This is such a tough topic for me to express myself about. Marriage is HARD. Marriage is CRAZY. Marriage is not something to take lightly or half-hearted.
I think some people just go into a marriage having such high expectations. Thinking this "puppy dog" love, and "honeymoon" phase will last forever....
You are literally promising yourself and your life and everything else involved in your life to another person. Like another human being with emotions and a beating heart. Crazy.
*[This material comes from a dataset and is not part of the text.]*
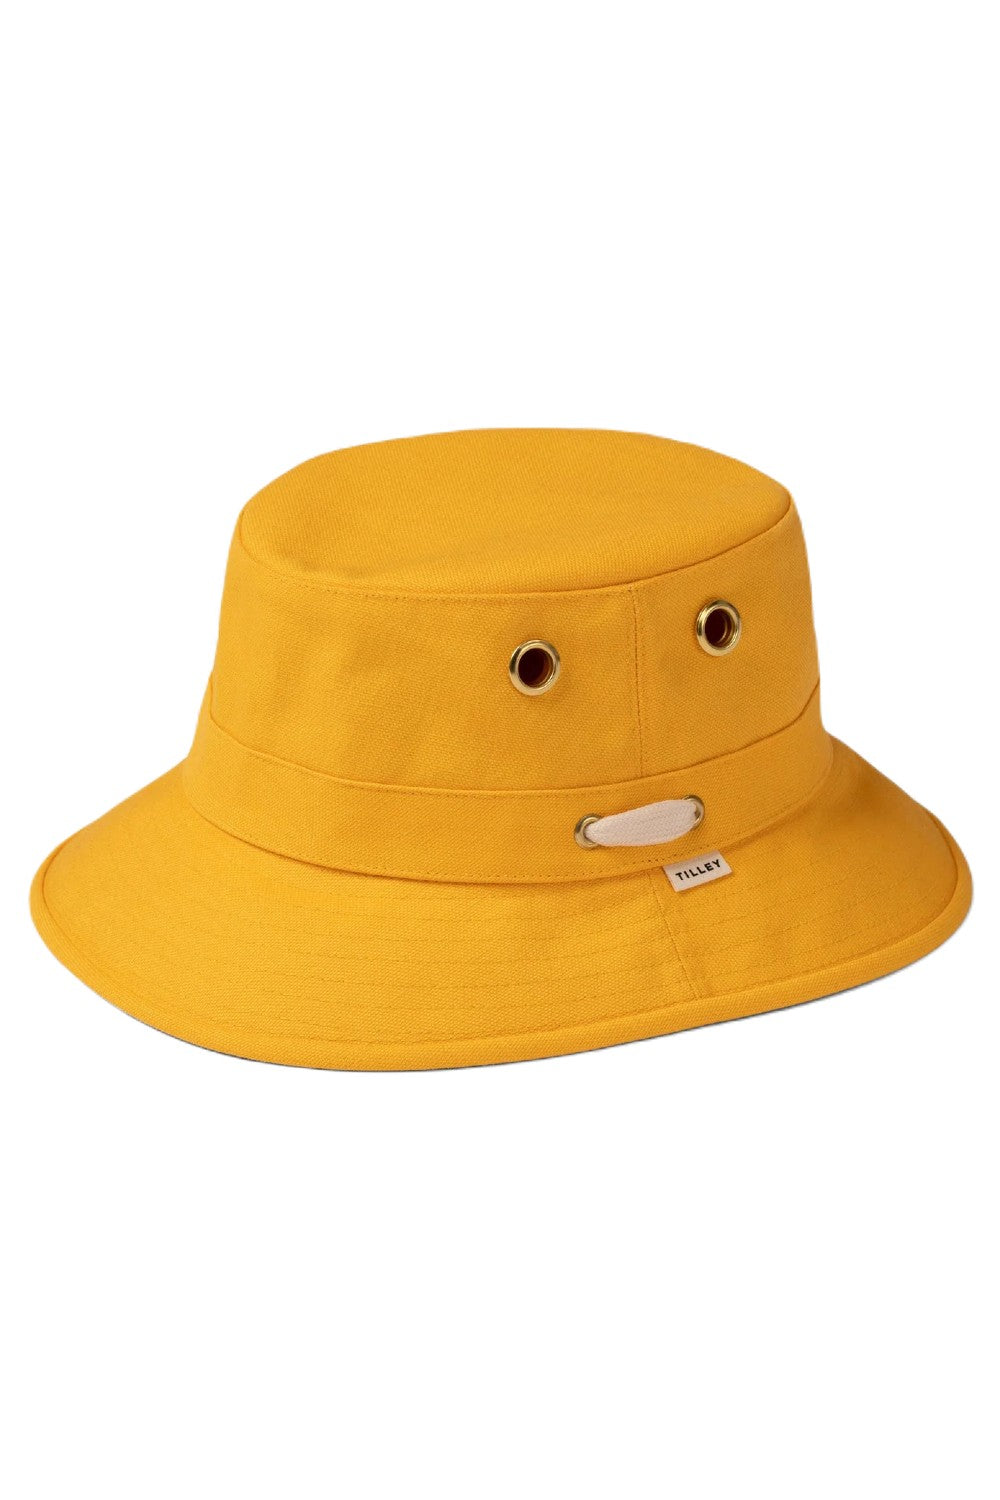 Tilley Hats Iconic Bucket Hat In Yellow

You will get sick of this person. You will get annoyed with this person. You will wish you had your own space and your own possessions.
I've done it.
And I'm still doing it.
3.5 years.
2 Children.
1 Deployment.
Months and Months of separation.
I know that doesn't seem like a long time, and I am by no means an expert on relationships or marriage, but our marriage has been a tough one. I'm pretty sure we have been away from each other than we have been together.
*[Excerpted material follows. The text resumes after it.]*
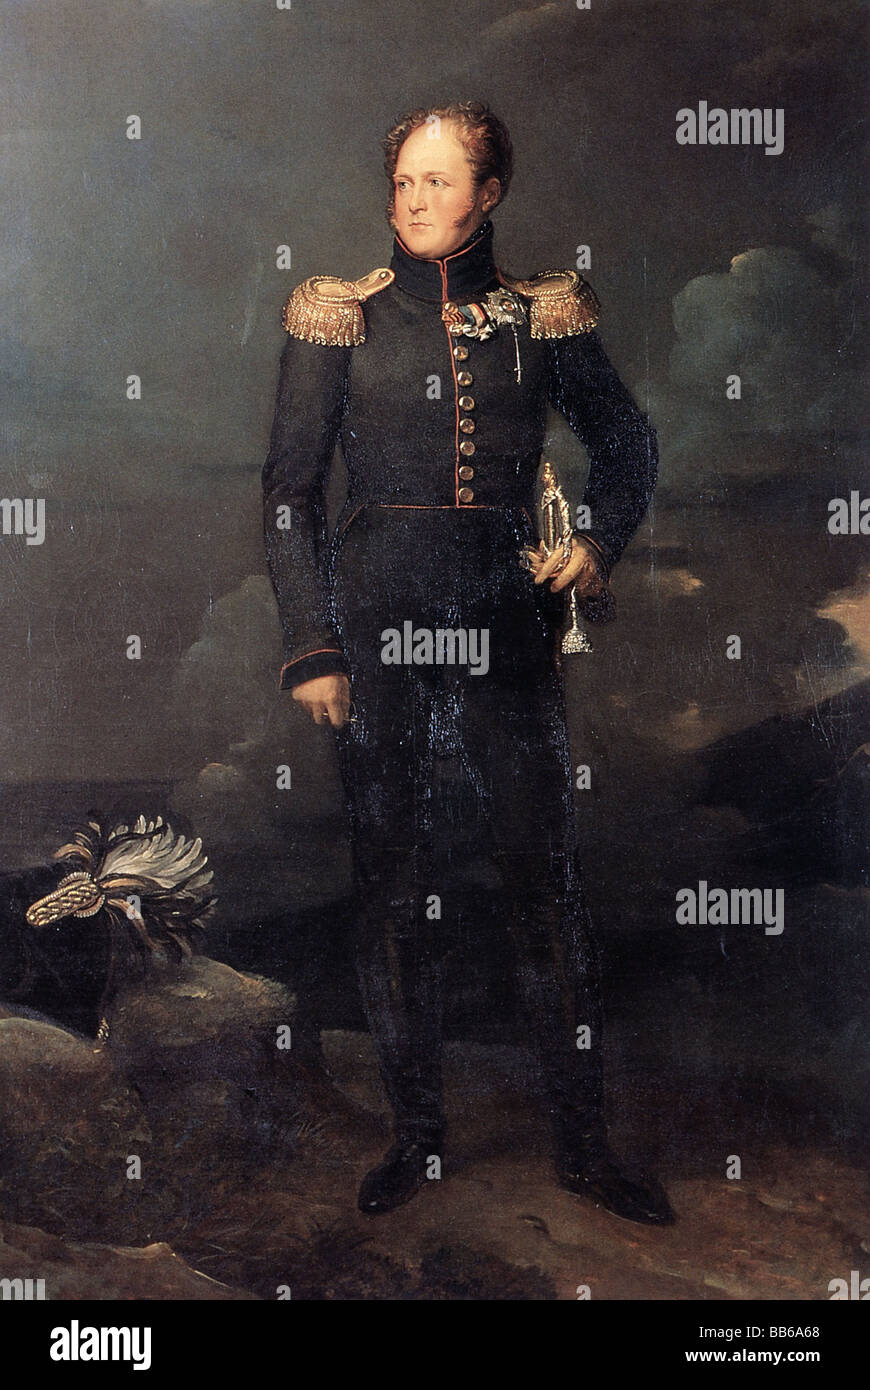 Alexander I of Russia, 23.12.1777 - 19.11.1825, Emperor of Russia since 1801, full length, painting by Francois Gerard, circa 1815, Stock Photo

I feel like after all the things we have been through and bullshit we have dealt with between the both of us, I am honestly surprised we are still together.
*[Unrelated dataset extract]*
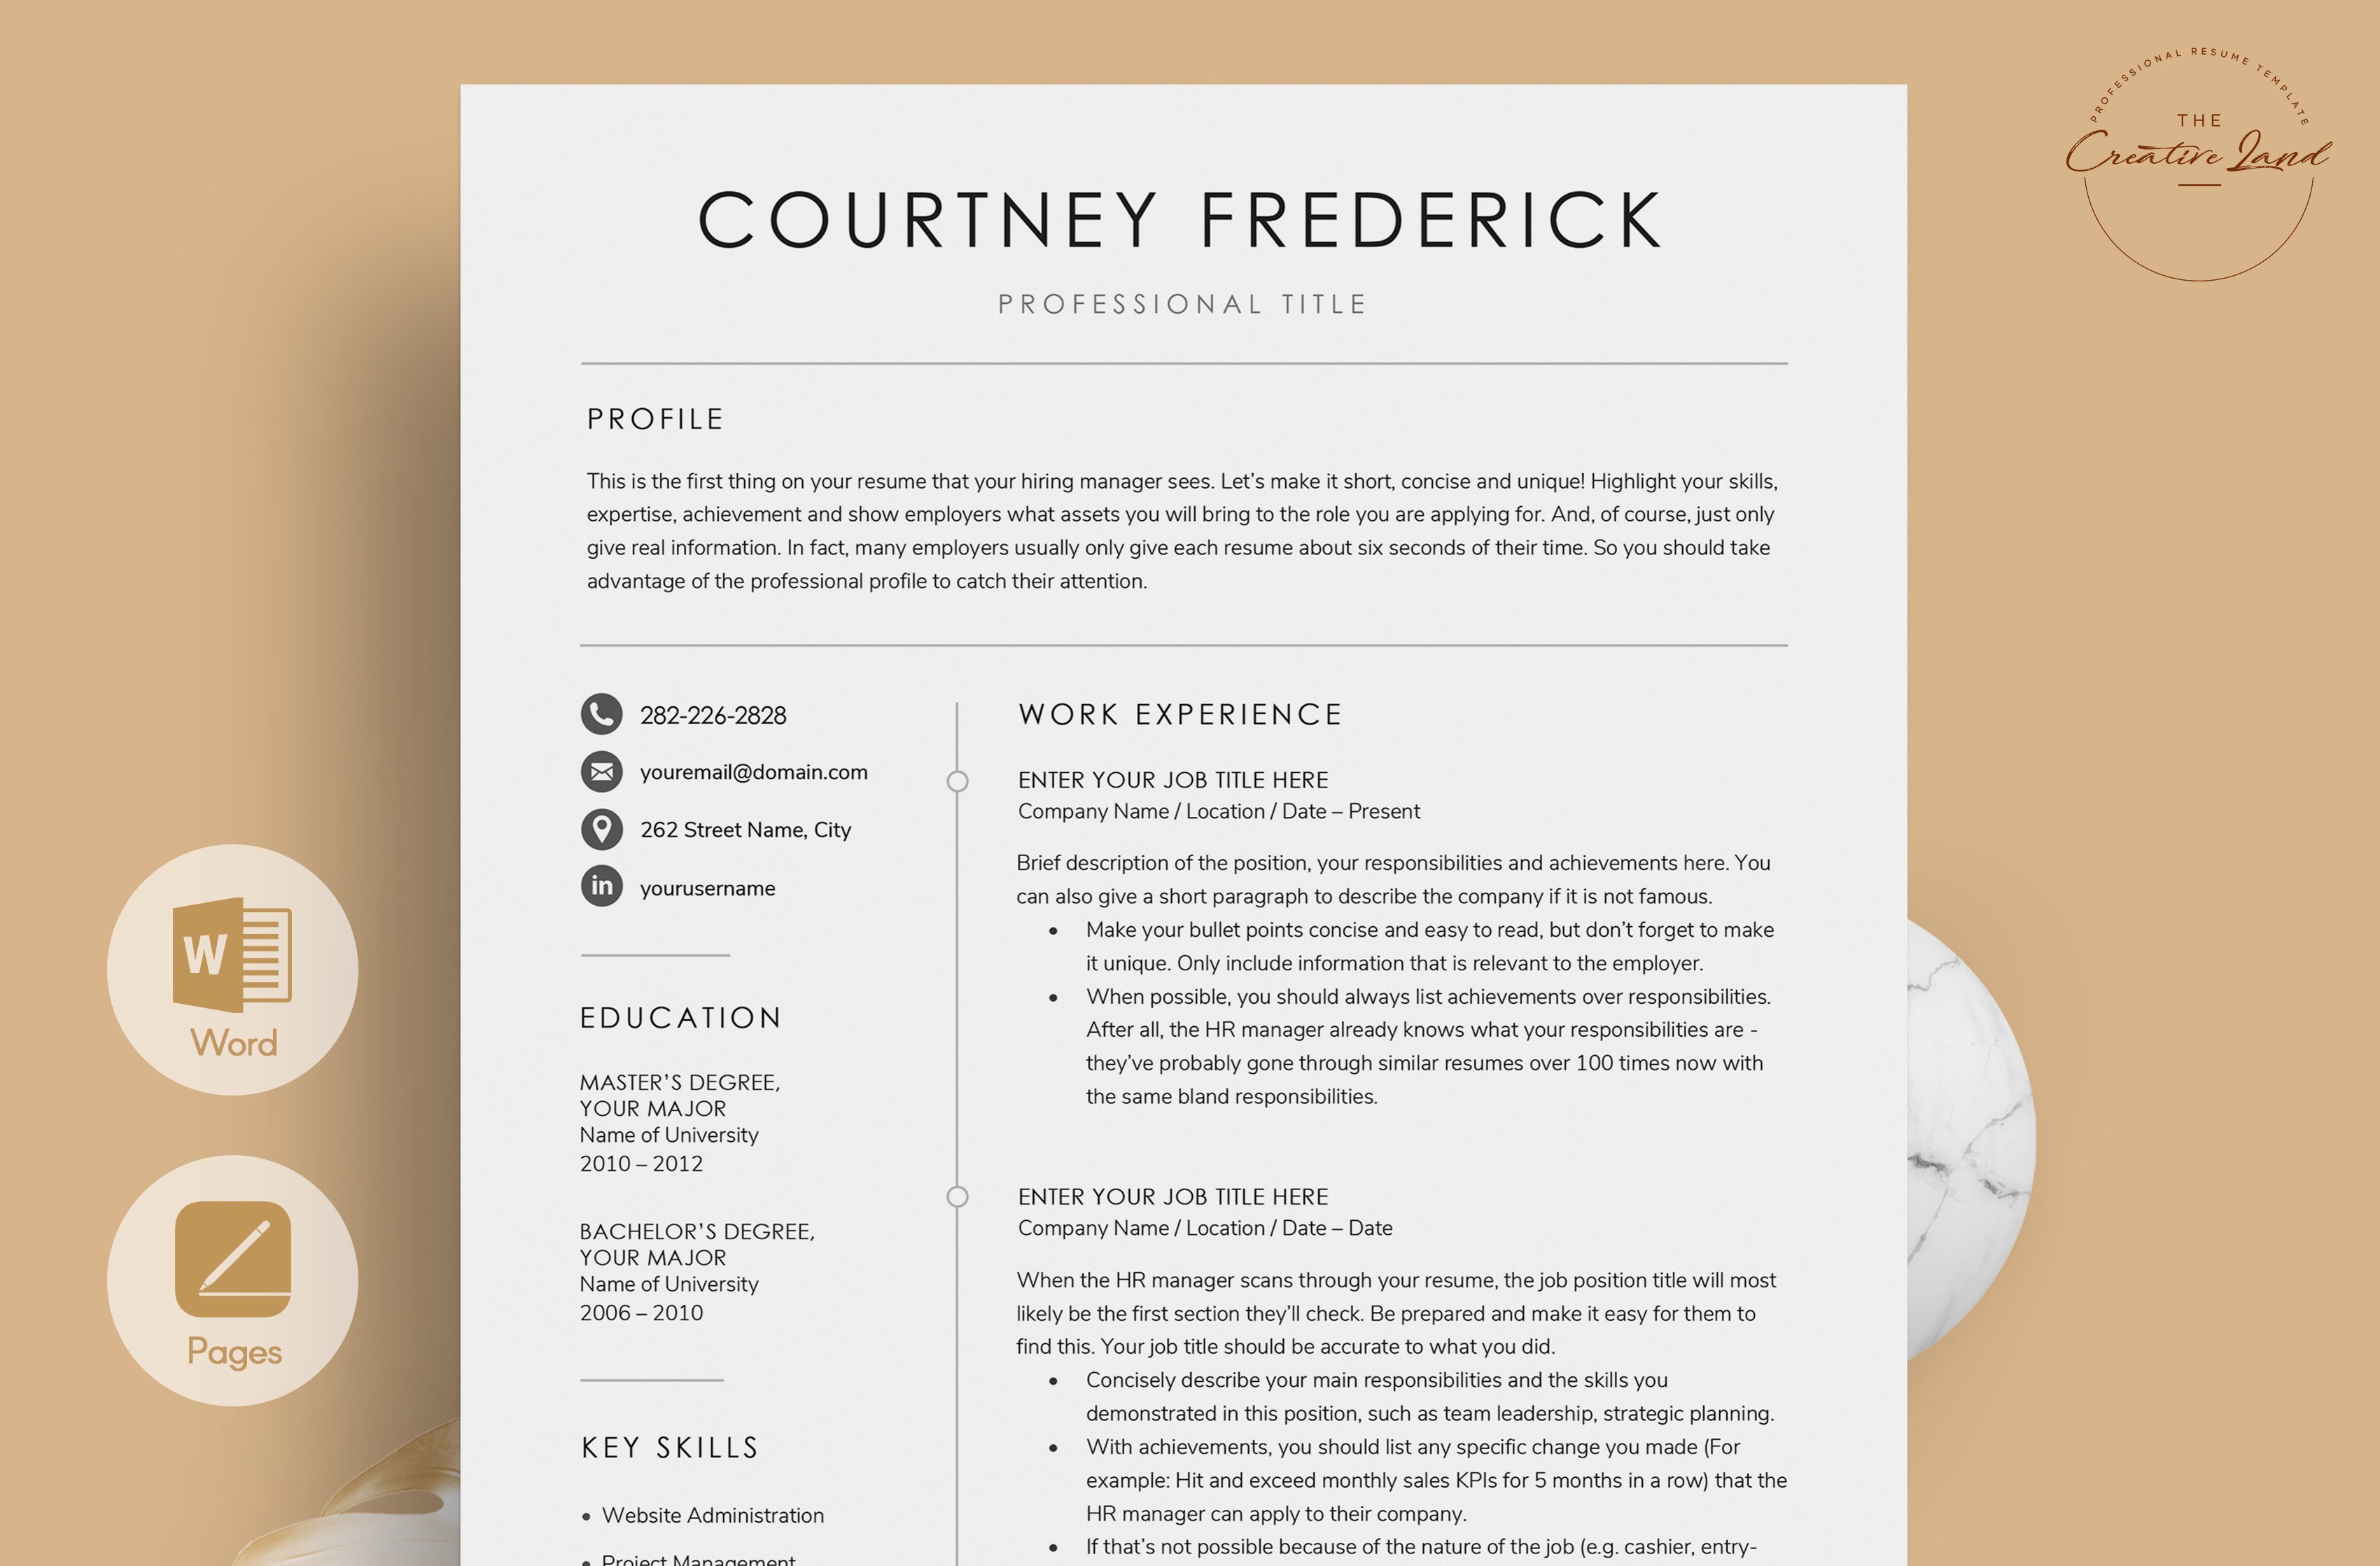 Resume/CV - The Courtney cover image.

But, we love each other. And we love our girls. And we couldn't imagine them growing up without both parents being together.
I want my girls to know what love is. What commitment is. What giving your entire self to someone is.
Its crazy telling people that I AM MARRIED. Its so weird. Growing up I never wanted to be married, or have kids. I just couldn't picture myself giving my ALL to another human being and them doing the same.
But it happened... and still is happening.
I feel one of the biggest hurdles in our marriage is passing right as I type. Which excites me, and makes me super happy for the future.
This is a fresh start for us, and by no means to I think it will be easy. But, I feel that if I surpassed what I have thus far, I can surpass anything. WE can surpass anything.